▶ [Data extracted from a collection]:
● ● ● ● ● ● ●

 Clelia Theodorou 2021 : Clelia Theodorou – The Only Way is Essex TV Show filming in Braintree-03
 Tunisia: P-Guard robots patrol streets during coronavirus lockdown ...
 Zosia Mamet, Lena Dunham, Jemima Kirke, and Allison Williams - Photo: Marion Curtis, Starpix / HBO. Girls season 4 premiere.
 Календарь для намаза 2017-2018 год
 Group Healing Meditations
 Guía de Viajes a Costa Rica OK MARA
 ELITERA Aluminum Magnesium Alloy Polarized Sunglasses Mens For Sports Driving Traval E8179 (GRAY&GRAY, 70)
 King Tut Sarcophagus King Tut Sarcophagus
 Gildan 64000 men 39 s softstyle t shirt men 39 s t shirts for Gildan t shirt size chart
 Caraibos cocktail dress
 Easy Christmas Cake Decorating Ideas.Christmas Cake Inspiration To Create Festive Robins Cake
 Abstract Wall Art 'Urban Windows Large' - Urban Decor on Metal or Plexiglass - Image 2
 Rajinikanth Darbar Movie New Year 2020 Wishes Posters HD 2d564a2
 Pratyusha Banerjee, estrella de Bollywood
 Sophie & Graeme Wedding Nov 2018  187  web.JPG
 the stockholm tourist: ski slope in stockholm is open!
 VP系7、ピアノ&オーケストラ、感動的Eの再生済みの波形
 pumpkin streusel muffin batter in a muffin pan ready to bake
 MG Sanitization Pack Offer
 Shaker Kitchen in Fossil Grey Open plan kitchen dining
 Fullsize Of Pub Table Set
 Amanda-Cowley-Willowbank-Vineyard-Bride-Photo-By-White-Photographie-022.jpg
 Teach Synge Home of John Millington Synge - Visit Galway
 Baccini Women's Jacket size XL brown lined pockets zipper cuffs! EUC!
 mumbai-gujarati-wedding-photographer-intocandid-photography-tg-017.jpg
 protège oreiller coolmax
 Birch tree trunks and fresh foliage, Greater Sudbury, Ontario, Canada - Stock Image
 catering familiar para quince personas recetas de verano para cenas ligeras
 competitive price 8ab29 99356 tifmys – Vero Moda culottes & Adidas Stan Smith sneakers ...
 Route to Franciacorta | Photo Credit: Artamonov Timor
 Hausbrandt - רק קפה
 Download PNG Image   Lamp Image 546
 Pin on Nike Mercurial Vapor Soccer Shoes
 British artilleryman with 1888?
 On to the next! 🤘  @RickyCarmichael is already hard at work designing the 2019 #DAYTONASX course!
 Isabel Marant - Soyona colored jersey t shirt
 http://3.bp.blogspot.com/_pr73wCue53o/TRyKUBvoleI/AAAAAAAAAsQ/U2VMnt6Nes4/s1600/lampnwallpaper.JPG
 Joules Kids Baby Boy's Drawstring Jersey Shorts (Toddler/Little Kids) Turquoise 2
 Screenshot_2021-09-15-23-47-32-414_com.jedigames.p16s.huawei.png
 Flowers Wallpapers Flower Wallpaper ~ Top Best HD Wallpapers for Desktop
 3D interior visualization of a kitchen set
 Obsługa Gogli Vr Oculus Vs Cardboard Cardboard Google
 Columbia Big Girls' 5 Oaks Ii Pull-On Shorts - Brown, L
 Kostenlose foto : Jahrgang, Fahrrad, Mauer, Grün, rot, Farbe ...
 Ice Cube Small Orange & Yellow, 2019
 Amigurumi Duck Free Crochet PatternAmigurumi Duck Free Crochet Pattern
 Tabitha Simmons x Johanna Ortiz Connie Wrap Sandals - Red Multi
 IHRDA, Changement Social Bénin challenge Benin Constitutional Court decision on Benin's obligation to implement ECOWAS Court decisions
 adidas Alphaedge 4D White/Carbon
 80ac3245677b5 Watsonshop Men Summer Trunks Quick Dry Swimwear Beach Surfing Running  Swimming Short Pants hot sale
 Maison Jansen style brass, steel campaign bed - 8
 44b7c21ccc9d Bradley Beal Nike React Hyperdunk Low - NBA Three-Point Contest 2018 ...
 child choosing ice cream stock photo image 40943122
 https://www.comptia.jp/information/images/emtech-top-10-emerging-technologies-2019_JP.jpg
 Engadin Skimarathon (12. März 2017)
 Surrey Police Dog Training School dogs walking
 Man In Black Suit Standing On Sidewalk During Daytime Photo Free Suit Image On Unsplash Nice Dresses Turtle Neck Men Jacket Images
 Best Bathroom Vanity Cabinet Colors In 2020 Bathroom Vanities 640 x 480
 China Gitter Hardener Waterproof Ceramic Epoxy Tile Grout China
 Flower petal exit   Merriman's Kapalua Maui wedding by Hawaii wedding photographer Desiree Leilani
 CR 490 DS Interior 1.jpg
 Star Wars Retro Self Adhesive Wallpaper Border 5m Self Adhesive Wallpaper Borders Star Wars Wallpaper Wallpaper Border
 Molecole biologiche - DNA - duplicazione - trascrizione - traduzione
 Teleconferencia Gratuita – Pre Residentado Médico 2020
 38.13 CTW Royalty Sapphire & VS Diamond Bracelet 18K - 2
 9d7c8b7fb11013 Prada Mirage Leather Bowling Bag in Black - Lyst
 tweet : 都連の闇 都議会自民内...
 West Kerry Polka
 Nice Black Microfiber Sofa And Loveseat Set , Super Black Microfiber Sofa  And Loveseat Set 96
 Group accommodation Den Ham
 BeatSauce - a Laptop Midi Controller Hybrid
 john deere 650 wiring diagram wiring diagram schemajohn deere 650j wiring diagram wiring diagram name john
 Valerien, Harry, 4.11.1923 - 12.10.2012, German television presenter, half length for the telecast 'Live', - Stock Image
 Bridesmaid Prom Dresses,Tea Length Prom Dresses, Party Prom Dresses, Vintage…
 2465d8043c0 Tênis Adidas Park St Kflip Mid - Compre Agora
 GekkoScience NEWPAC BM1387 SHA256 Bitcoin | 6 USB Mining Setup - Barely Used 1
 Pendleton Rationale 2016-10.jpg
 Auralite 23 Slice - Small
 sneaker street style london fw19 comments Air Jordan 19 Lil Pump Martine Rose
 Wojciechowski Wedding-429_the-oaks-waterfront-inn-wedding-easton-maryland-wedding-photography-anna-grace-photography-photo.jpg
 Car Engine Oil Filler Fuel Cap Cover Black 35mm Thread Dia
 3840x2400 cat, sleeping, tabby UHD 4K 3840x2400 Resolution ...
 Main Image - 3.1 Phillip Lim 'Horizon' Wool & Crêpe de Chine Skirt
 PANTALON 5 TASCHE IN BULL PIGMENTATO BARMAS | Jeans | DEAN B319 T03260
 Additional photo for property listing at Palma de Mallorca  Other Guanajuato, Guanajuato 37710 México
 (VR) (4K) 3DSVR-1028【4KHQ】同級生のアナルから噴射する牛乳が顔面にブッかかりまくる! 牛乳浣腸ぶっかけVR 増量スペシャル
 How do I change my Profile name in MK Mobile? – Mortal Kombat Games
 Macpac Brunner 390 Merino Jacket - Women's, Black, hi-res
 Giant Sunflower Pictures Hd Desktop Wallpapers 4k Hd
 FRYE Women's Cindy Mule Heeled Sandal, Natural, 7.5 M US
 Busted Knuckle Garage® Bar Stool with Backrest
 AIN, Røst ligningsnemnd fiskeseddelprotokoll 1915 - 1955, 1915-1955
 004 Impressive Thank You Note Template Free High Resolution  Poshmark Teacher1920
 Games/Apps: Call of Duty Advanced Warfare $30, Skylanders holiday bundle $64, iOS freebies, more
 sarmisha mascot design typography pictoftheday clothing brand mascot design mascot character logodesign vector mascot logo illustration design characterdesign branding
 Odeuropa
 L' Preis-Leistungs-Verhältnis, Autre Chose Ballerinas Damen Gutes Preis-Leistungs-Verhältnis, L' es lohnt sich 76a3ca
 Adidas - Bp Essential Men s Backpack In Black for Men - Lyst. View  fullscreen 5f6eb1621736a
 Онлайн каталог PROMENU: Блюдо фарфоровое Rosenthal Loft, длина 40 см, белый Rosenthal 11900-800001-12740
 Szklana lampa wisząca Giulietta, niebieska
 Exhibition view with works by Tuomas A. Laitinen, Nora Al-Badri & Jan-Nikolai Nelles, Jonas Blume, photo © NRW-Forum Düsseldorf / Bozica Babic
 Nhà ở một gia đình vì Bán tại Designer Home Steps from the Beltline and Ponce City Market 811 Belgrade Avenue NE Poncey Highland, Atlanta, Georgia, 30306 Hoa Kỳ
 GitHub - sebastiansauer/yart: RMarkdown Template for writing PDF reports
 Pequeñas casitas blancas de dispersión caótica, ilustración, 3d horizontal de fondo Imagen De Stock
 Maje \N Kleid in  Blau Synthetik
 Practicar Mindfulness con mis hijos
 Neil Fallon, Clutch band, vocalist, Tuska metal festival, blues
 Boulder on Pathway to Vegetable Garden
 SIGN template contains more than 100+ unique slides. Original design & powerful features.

● ● ● ● ● ● ●

When you reach the line that contains "Easy Christmas Cake", stop; that line and every line before it, from the very first line of the data, should be restated word for word.

 Clelia Theodorou 2021 : Clelia Theodorou – The Only Way is Essex TV Show filming in Braintree-03
 Tunisia: P-Guard robots patrol streets during coronavirus lockdown ...
 Zosia Mamet, Lena Dunham, Jemima Kirke, and Allison Williams - Photo: Marion Curtis, Starpix / HBO. Girls season 4 premiere.
 Календарь для намаза 2017-2018 год
 Group Healing Meditations
 Guía de Viajes a Costa Rica OK MARA
 ELITERA Aluminum Magnesium Alloy Polarized Sunglasses Mens For Sports Driving Traval E8179 (GRAY&GRAY, 70)
 King Tut Sarcophagus King Tut Sarcophagus
 Gildan 64000 men 39 s softstyle t shirt men 39 s t shirts for Gildan t shirt size chart
 Caraibos cocktail dress
 Easy Christmas Cake Decorating Ideas.Christmas Cake Inspiration To Create Festive Robins Cake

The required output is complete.